We've indexed the $a$s and $z$s because we're looking at multiple layer. In this case $a_3$ is the output of the 3rd layer (we called it $a$ before) whilst $a_2$ is the output of the 2nd layer. An important thing to notice is that we're using $\frac{\partial L}{\partial a_3} \times \frac{\partial a_3}{\partial z_3}$, which we already calculated previously. We can exploit this when we implement backpropagation in order to speed up our code but also make it shorter.

Here is the gradients for the weights of the 1st layer:

$$\frac{\partial L}{\partial w_2} = \frac{\partial L}{\partial a_3} \times \frac{\partial a_3}{\partial z_3} \times \frac{\partial z_3}{\partial a_2} \times \frac{\partial a_2}{\partial z_2} \times \frac{\partial z_2}{\partial a_1} \times \frac{\partial a_1}{\partial z_1} \times \frac{\partial z_1}{\partial w_1}$$

Again the first four elements of the product have already been computed.

How about the biases $b_i$? Well in a dense layer the derivative with respect to the biases is 1 (it was $x$ with respect to the weights). For the 3rd layer this will result in:

$$\frac{\partial L}{\partial b} = (2 \times (a - y)) \times (\sigma(z) (1 - \sigma(z))) \times 1$$

## Stochastic gradient descent

1. For each observation $(x_i, y_i)$, the gradient $\nabla_i$ is obtained
2. An optimizer takes care of obtaining the new weights $w_{i+1}$ by modifying the current weights $w_i$ and using the current gradient $\nabla_i$
3. We can loop multiple times through the dataset; each iteration is called an **epoch**

A general formulation of stochastic gradient descent (SGD):

$$w_{i+1} \leftarrow f(w_i, \nabla_i, \eta_i)$$

$\eta_i$ is the learning rate at iteration $i$, it's *extremely* important and we'll come back to it very soon.
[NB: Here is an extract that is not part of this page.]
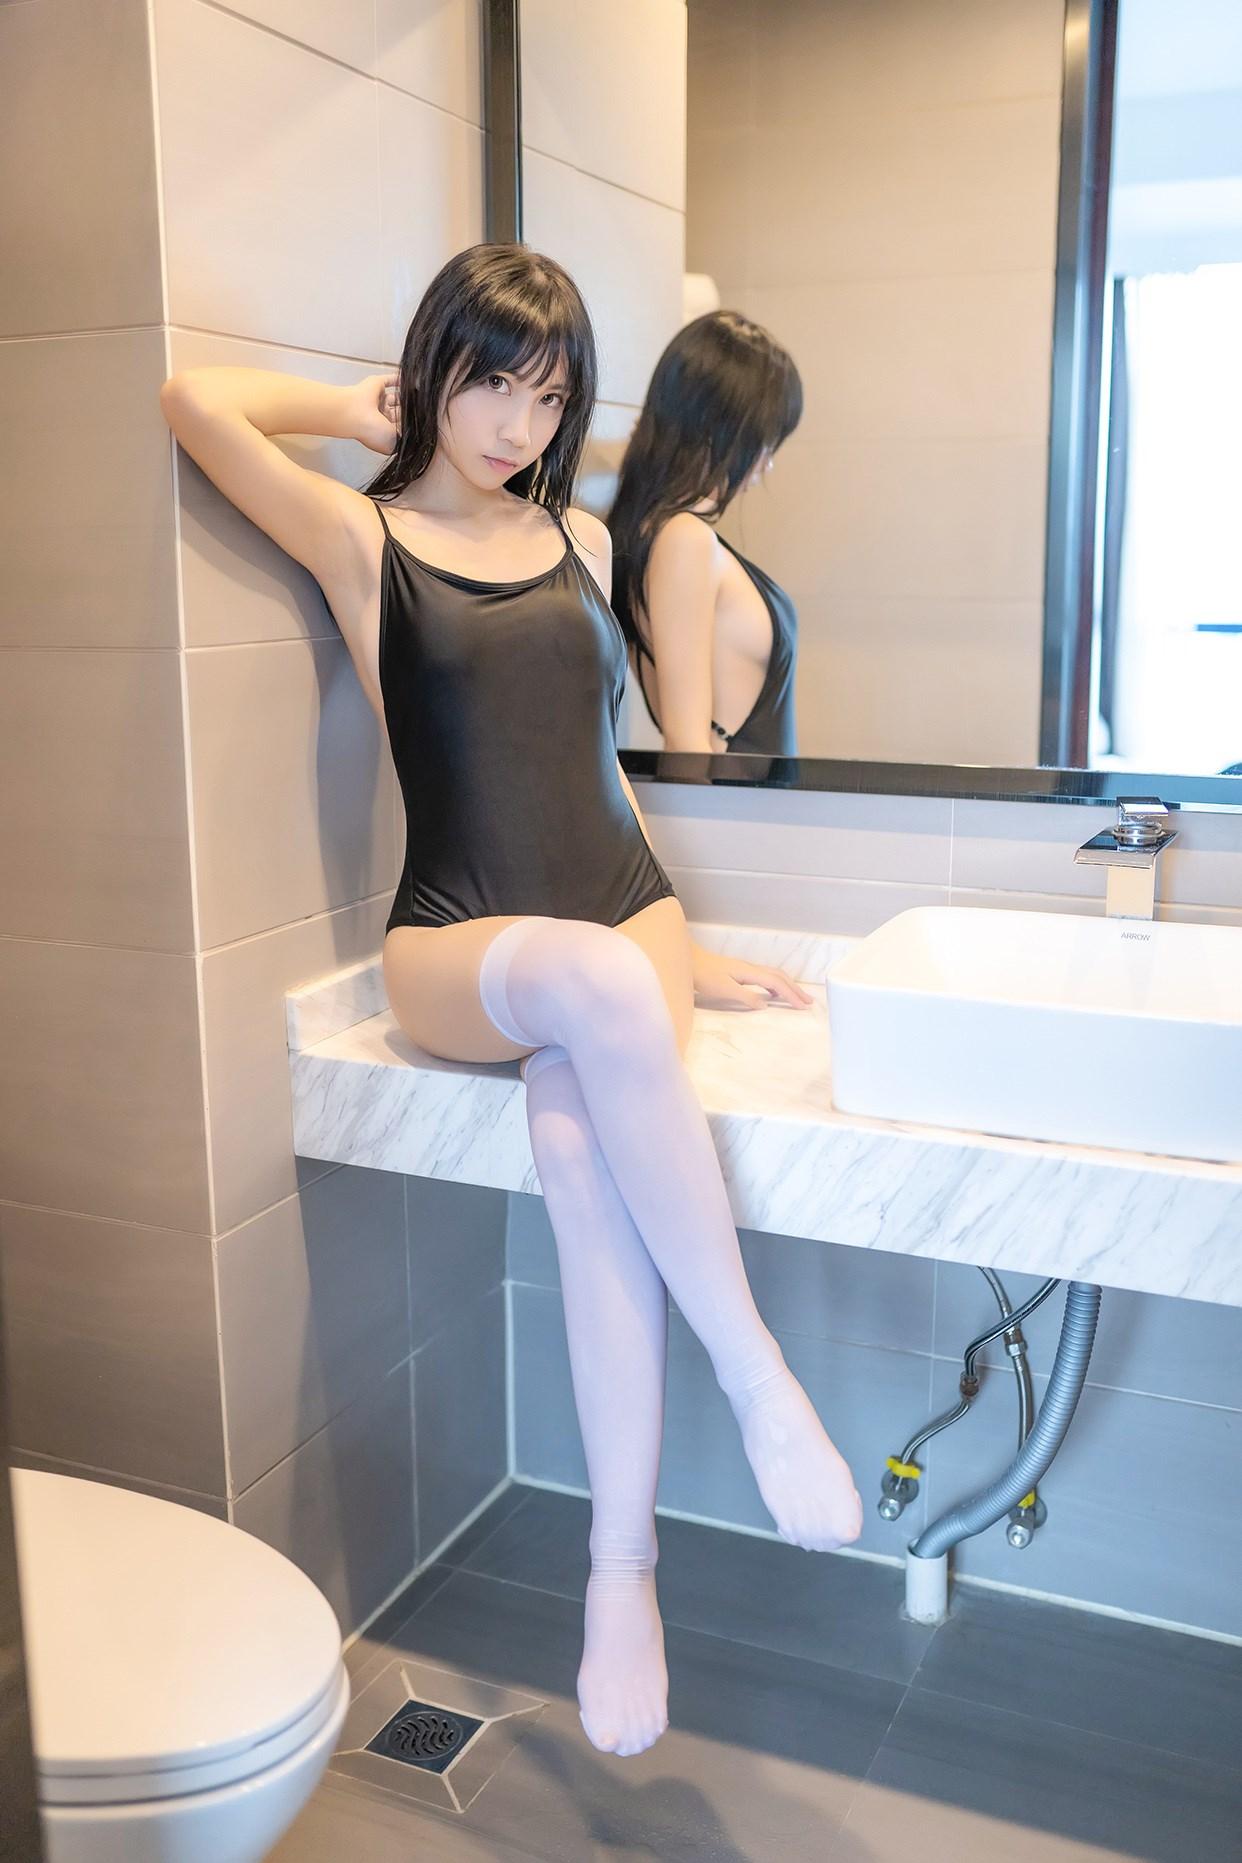 【兔玩映画】浴室里的死库水 兔玩映画 第34张

<div class="alert alert-block alert-info">
    
<b> Exercise 0: </b>  
In your words comment the following code. Explain what is happening at each step.
</div>

In [1]:
import numpy as np
from sklearn import datasets
from sklearn import metrics
from sklearn import model_selection
from sklearn import preprocessing


class ReLU:
    """Rectified Linear Unit (ReLU) activation function."""

    @staticmethod
    def activation(z):
        z[z < 0] = 0
        return z

    @staticmethod
    def gradient(z):
        z[z < 0] = 0
        z[z > 0] = 1
        return z


class Sigmoid:
    """Sigmoid activation function."""

    @staticmethod
    def activation(z):
        return 1 / (1 + np.exp(-z))

    @staticmethod
    def gradient(z):
        s = Sigmoid.activation(z)
        return s * (1 - s)


class Identity:
    """Identity activation function."""

    @staticmethod
    def activation(z):
        return z

    @staticmethod
    def gradient(z):
        return np.ones_like(z)


class MSE:
    """Mean Squared Error (MSE) loss function."""

    @staticmethod
    def loss(y_true, y_pred):
        return np.mean((y_pred - y_true) ** 2)

    @staticmethod
    def gradient(y_true, y_pred):
        return 2 * (y_pred - y_true)


class SGD:
    """Stochastic Gradient Descent (SGD)."""

    def __init__(self, learning_rate):
        self.learning_rate = learning_rate

    def step(self, weights, gradients):
        weights -= self.learning_rate * gradients


class NN:
    """

    Parameters:
        dimensions (tuples of ints of length n_layers)

    """

    def __init__(self, dimensions, activations, loss, optimizer):
        self.n_layers = len(dimensions)
        self.loss = loss
        self.optimizer = optimizer

        # Weights and biases are initiated by index. For a one hidden layer net you will have a w[1] and w[2]
        self.w = {}
        self.b = {}

        # Activations are also initiated by index. For the example we will have activations[2] and activations[3]
        self.activations = {}
        for i in range(len(dimensions) - 1):
            self.w[i + 1] = np.random.randn(dimensions[i], dimensions[i + 1]) / np.sqrt(dimensions[i])
            self.b[i + 1] = np.zeros(dimensions[i + 1])
            self.activations[i + 2] = activations[i]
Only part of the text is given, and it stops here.